> [What you should do] Note the line containing "A large tan"; from it through the last line below, give only those lines again, exactly, both ends included, skipping pictures.

> [Dataset extract]
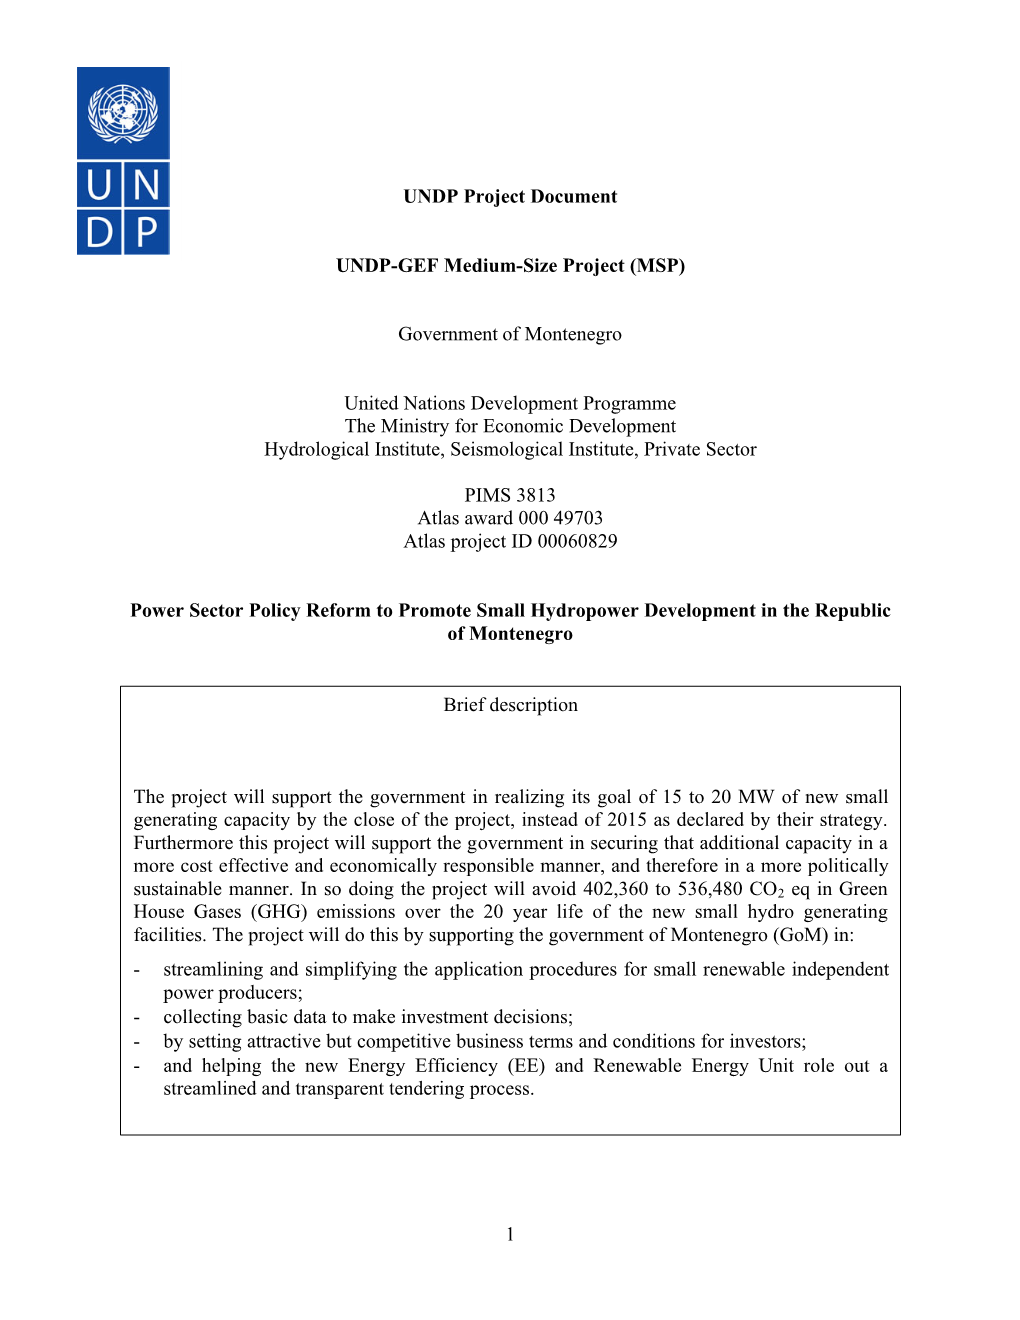 1 UNDP Project Document UNDP-GEF Medium-Size Project (MSP) Government of Montenegro United Nations Development Programme The
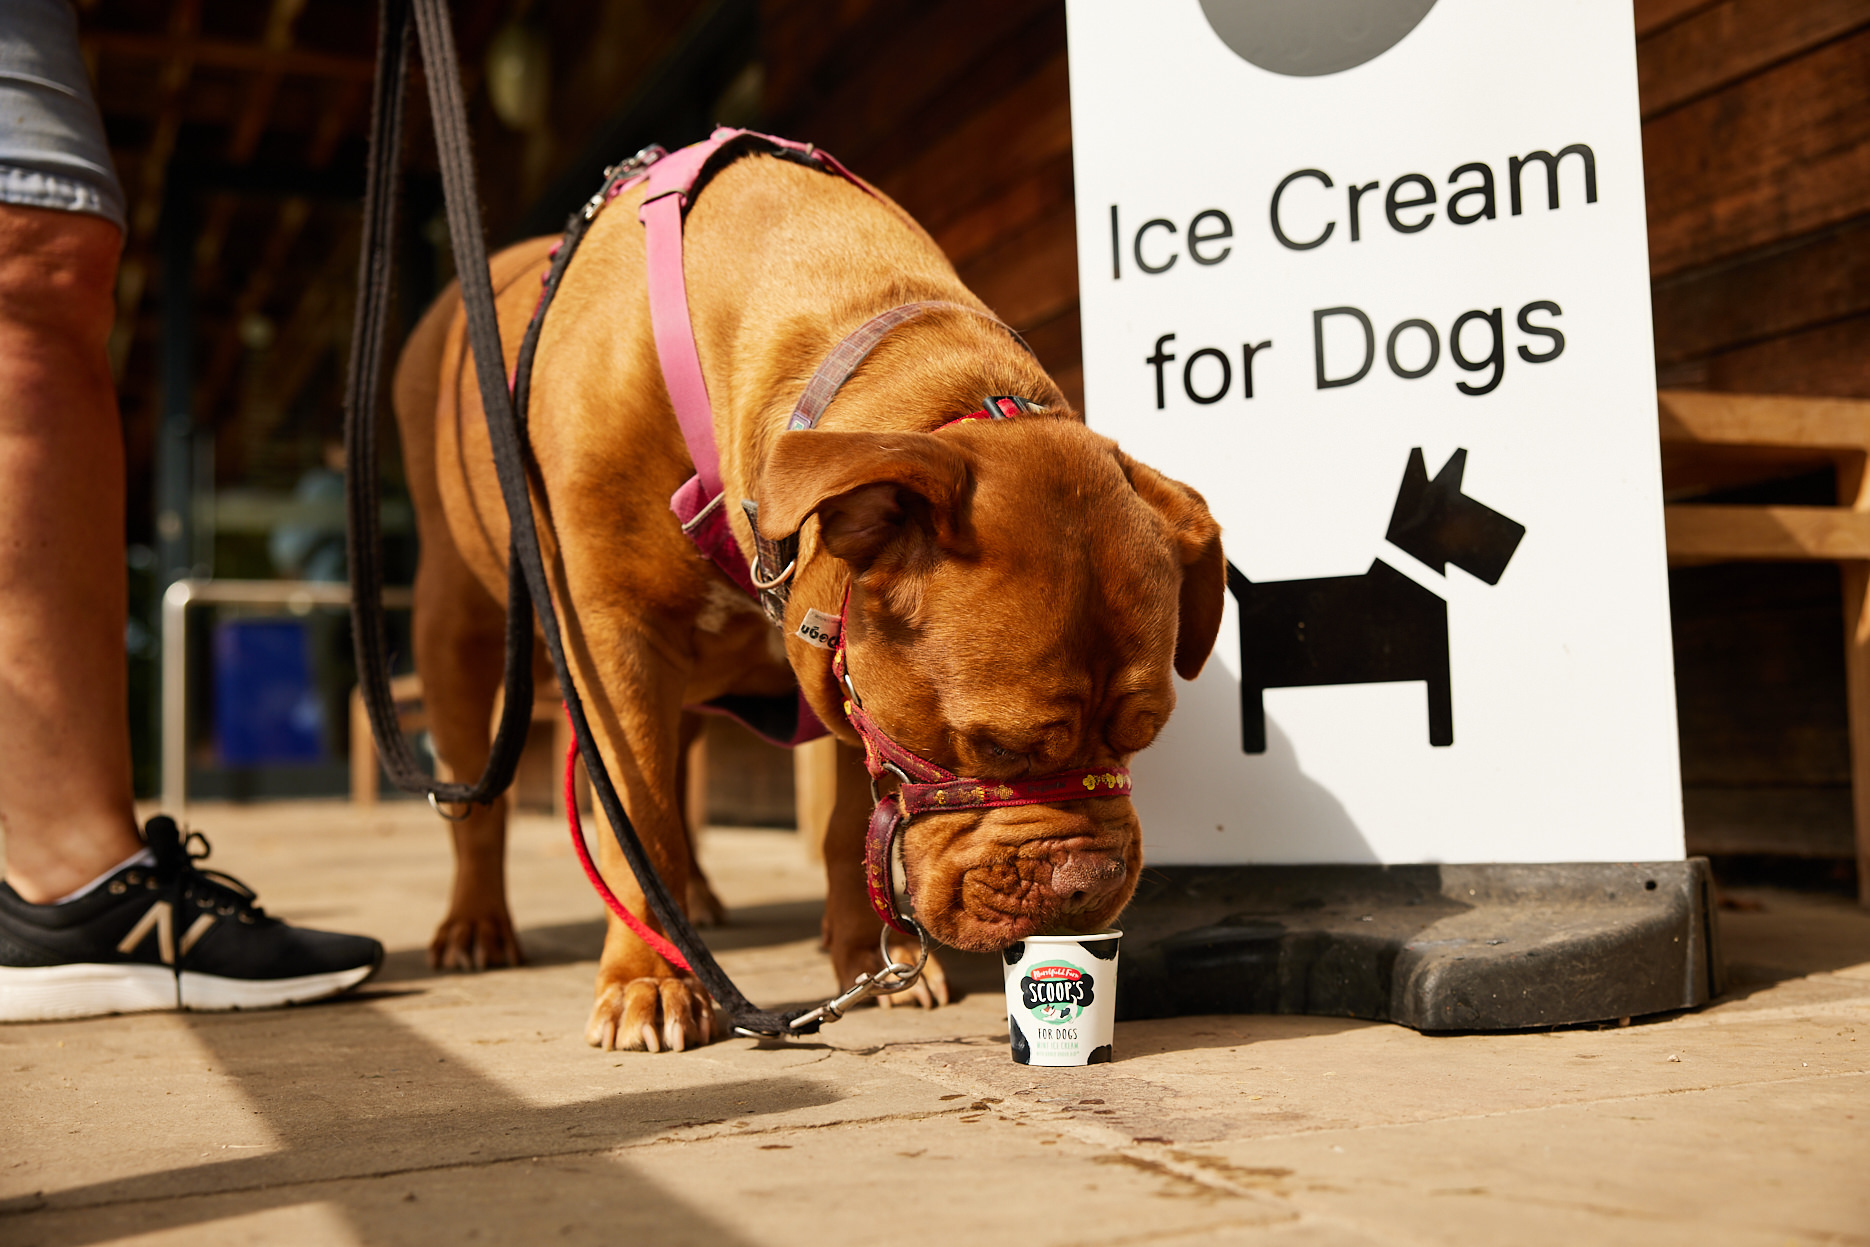 A large tan coloured dog eating a dog ice cream in front of a white sign reading Ice Cream for Dogs
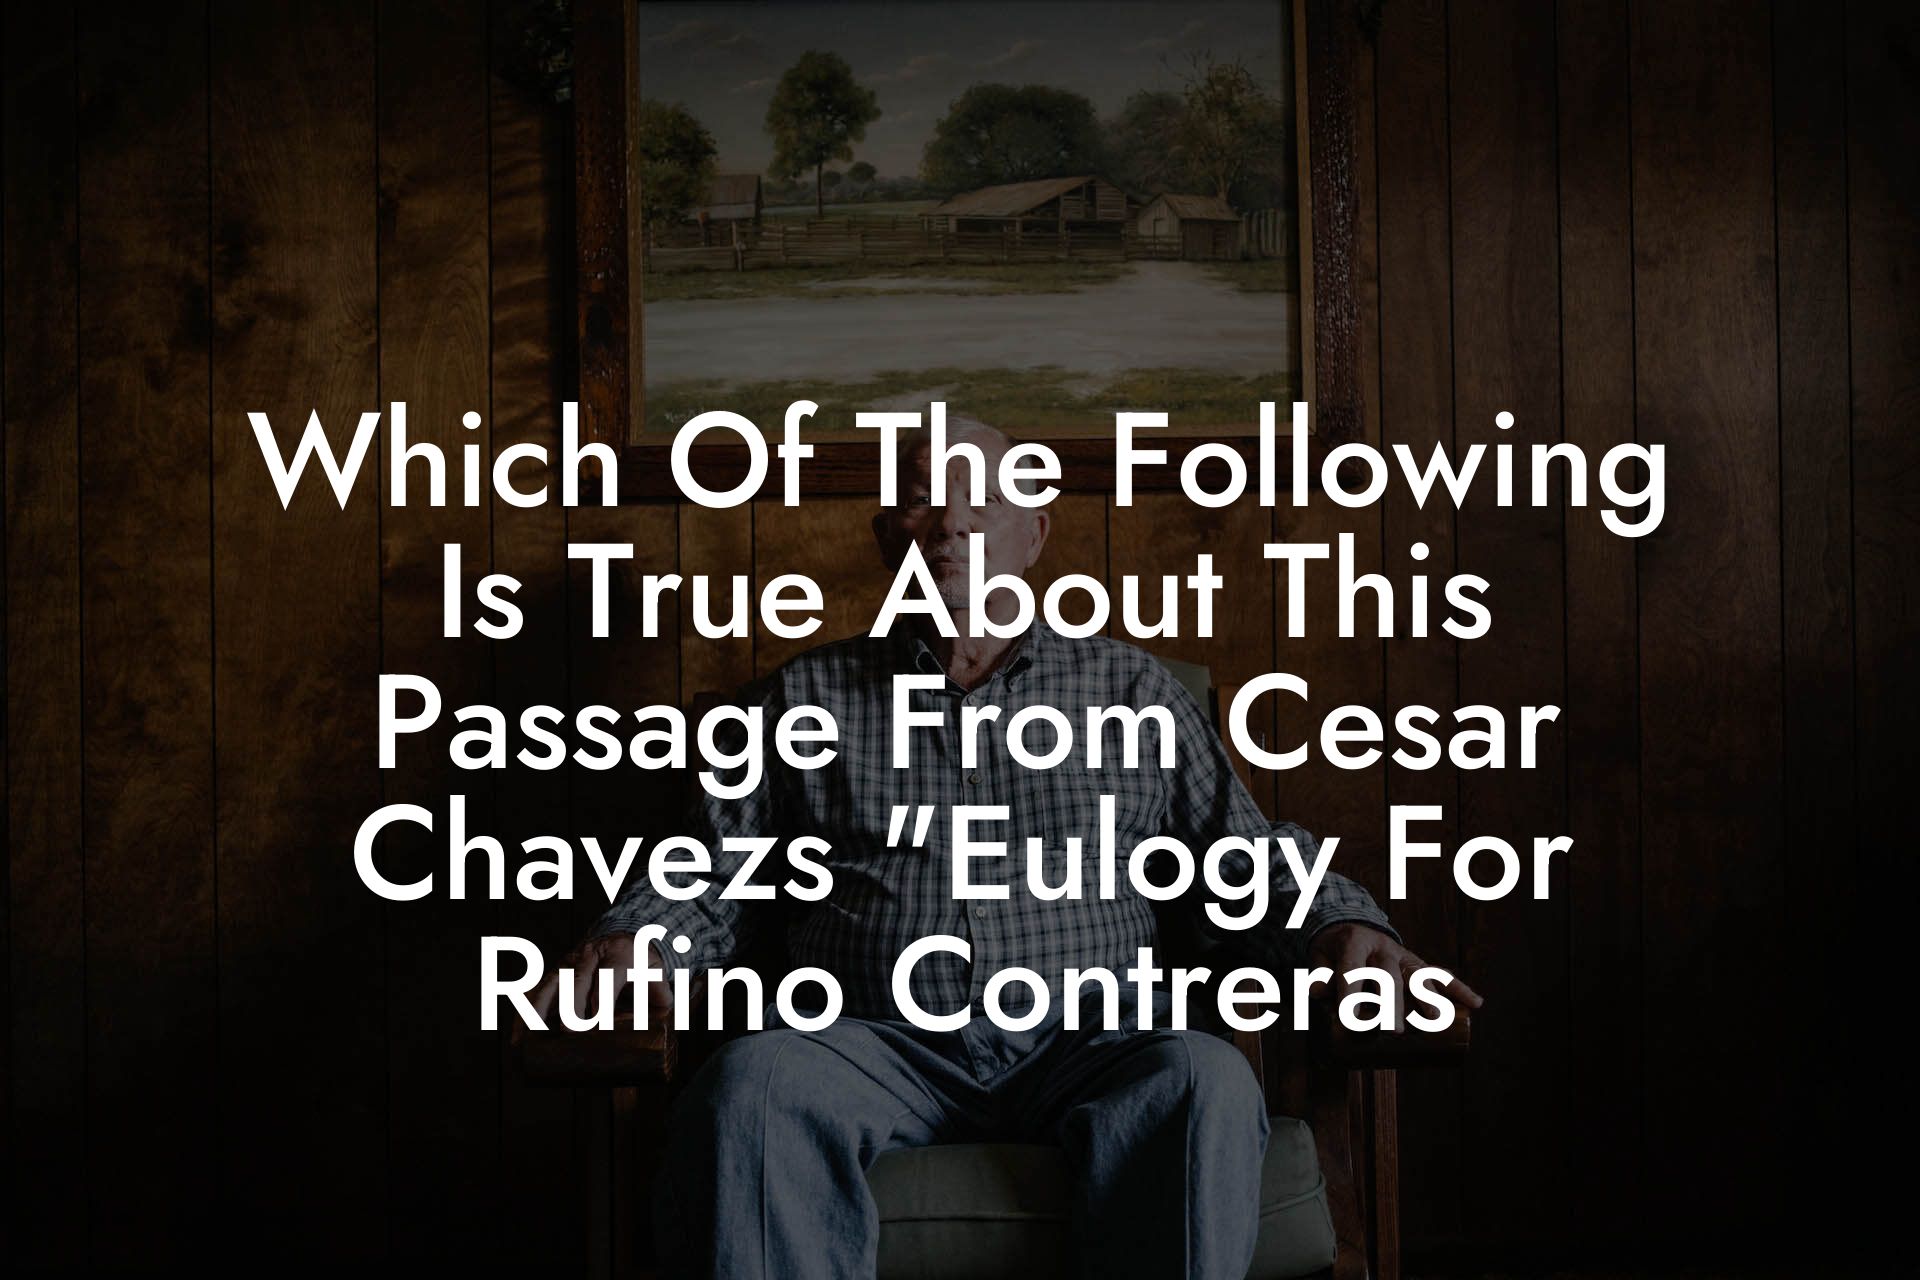 Which Of The Following Is True About This Passage From Cesar Chavezs "Eulogy For Rufino Contreras
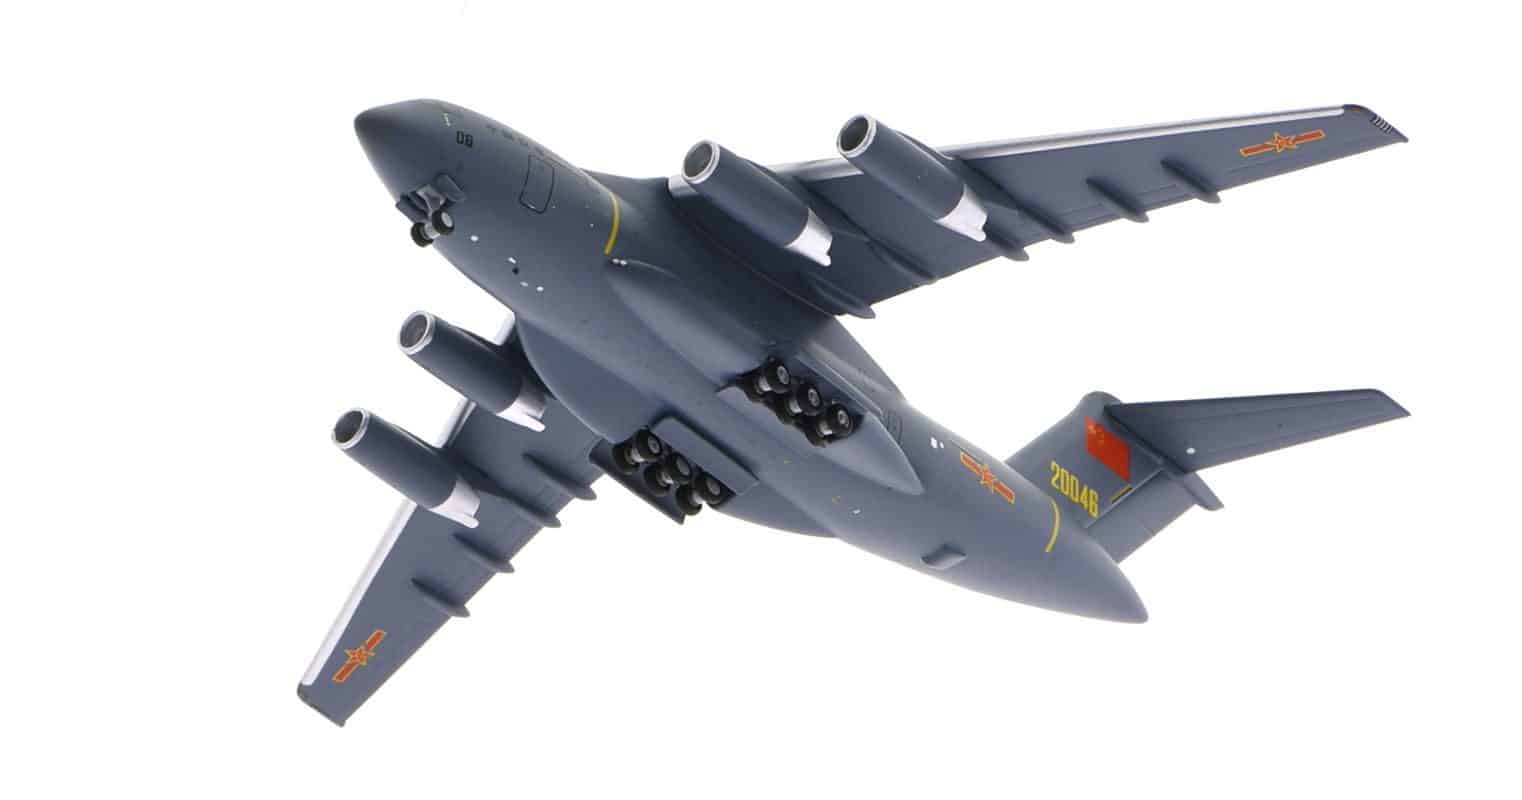 Underside view of NG Models NG22017 - 1/400 scale diecast model of the Xi'an Y-20A Kunpeng, s/n 20046 of the PLAAF

> [Response]
 A large tan coloured dog eating a dog ice cream in front of a white sign reading Ice Cream for Dogs
 Which Of The Following Is True About This Passage From Cesar Chavezs "Eulogy For Rufino Contreras
 Underside view of NG Models NG22017 - 1/400 scale diecast model of the Xi'an Y-20A Kunpeng, s/n 20046 of the PLAAF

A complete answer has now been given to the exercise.